Cet article a été initialement publié dans l’hebdomadaire Témoignage Chrétien

Tout a commencé en 2000. Etienne Cendrier indique de la fenêtre de son atelier de peinture le toit de l’immeuble en vis-à-vis. « Ils ont installé ça. Je n’avais aucune idée de ce que c’était. » Le regard quitte le chevalet pour se fixer sur deux longs rectangles blancs, posés verticalement à une cinquantaine de mètres. « Ça », ce sont deux relais de téléphonie mobile au profil caractéristique, plantés au dessus de la maternelle qui accueillait ses enfants. Une « station » parmi les 2149 antennes que compte aujourd’hui la capitale.
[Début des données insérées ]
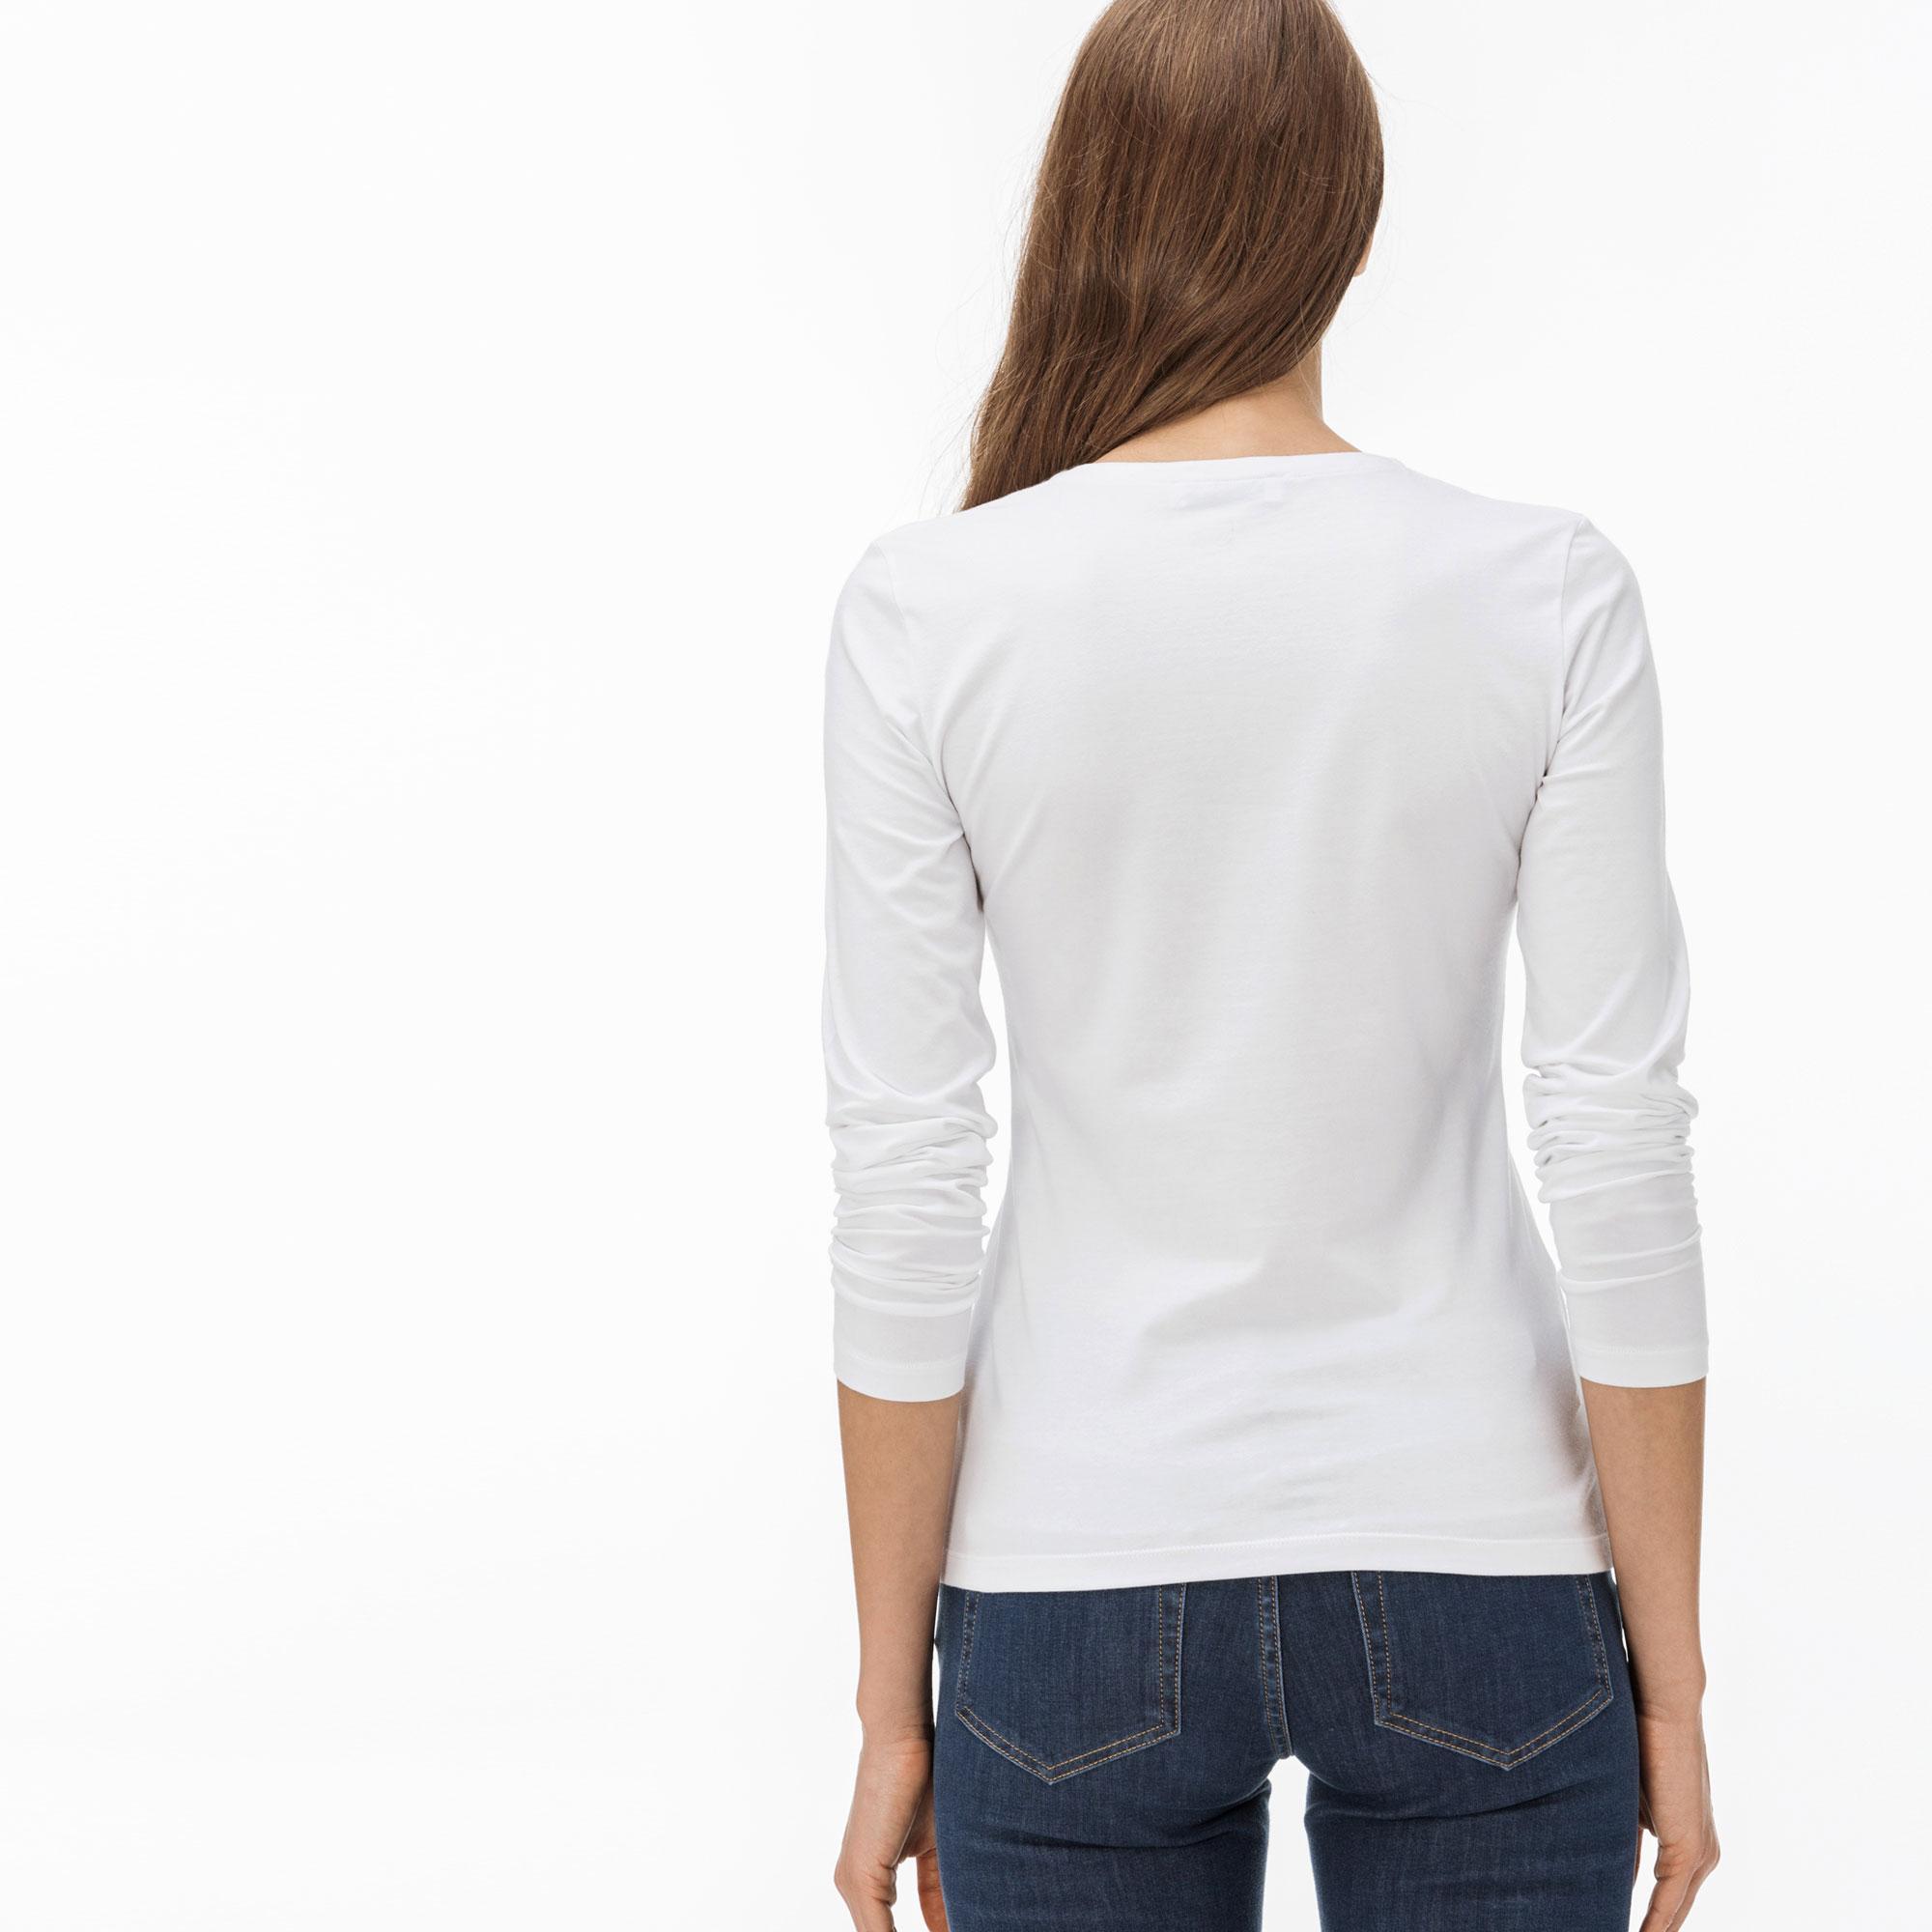 Lacoste Women's V-Neck Flowing Cotton Jersey T-Shirt

Le peintre se renseigne, lit des articles sur le danger potentiel d’un surcroît d’ondes, demande à son père, qui a suivi une formation d’ingénieur, de lui expliquer les aspects techniques. Les champs électromagnétiques et leur mesure, les rayonnements non ionisants et ionisants, leurs effets dits « thermiques » (comme dans les fours à micro-ondes), le « débit d’absorption spécifique » (le niveau d’énergie que diffuse chaque téléphone), n’ont presque plus de secrets pour cet artiste longtemps imperméable aux matières scientifiques. L’association Robin des toits est née.

Etienne Cendrier est entré bien malgré lui dans cette caste très particulière que sont les lanceurs d’alerte, ces scientifiques et citoyens qui se mobilisent pour faire connaître un risque sanitaire potentiel, et qui en échange, mettent en danger leur carrière ou sont traînés en justice. Parfois les deux. « Lanceur d’alerte, ça ne se programme pas. Nous sommes une génération spontanée. » Sa « vraie vie », dit-il, n’est pas l’activisme, mais son atelier, dont il sortait peu avant de devenir hyper-sensible à cette nouvelle cause.
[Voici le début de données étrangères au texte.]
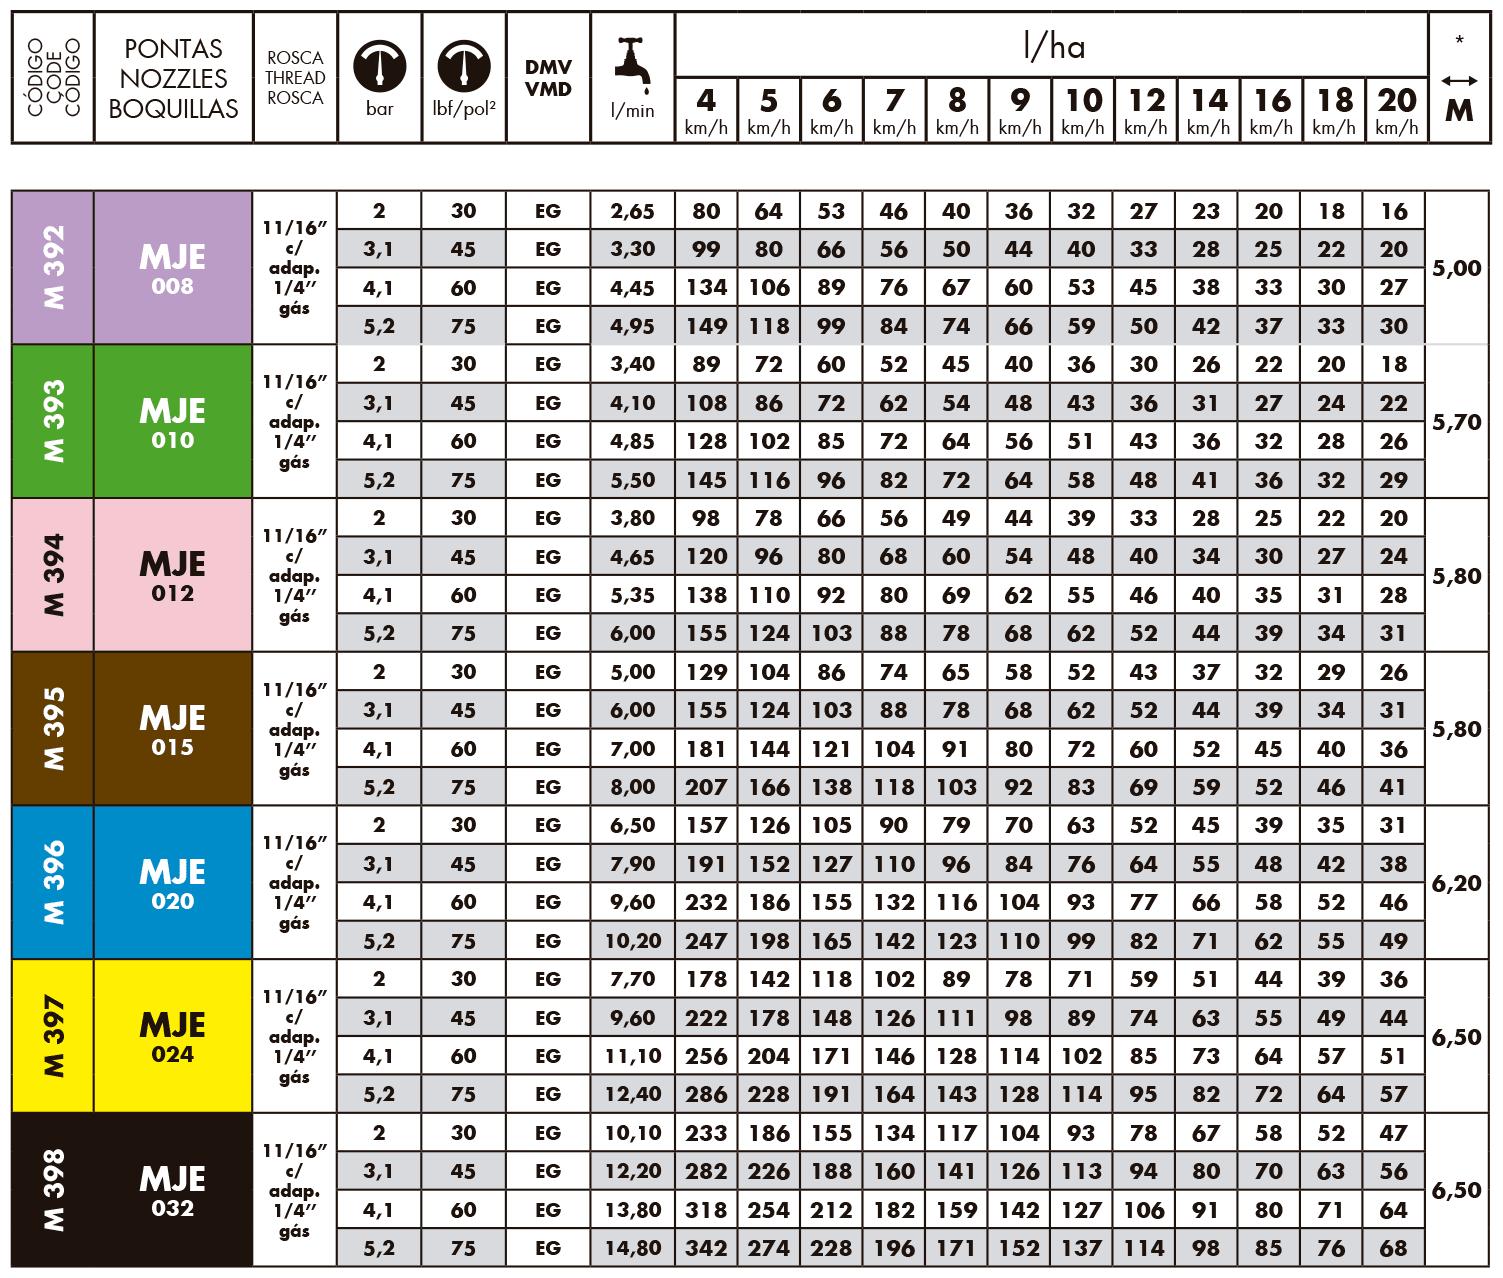 Tabela de Vazoes

« Un scénario comme l’amiante se profile »

« Un scénario comme l’amiante se profile », assène le porte-parole de Robin des toits. Paranoïa ? Pour les sceptiques, l’appel de vingt scientifiques, cancérologues, médecins ou ingénieurs, lancé le 15 juin à l’initiative de David Servan-Shreiber démontre que non. « Les études disponibles mettent en évidence une pénétration significative des champs électromagnétiques des téléphones portables dans le corps humain, particulièrement au niveau du cerveau, et plus encore chez les enfants du fait de leur plus petite taille », alertent les scientifiques. Ces champs provoquent, écrivent-ils, « divers effets biologiques (...) sur les tissus vivants ». Une thèse réalisée par un professeur de l’Université catholique de Louvin vient de montrer un accroissement du taux de mortalité chez les rats exposés pendant 18 mois aux champs électromagnétiques de la téléphonie mobile.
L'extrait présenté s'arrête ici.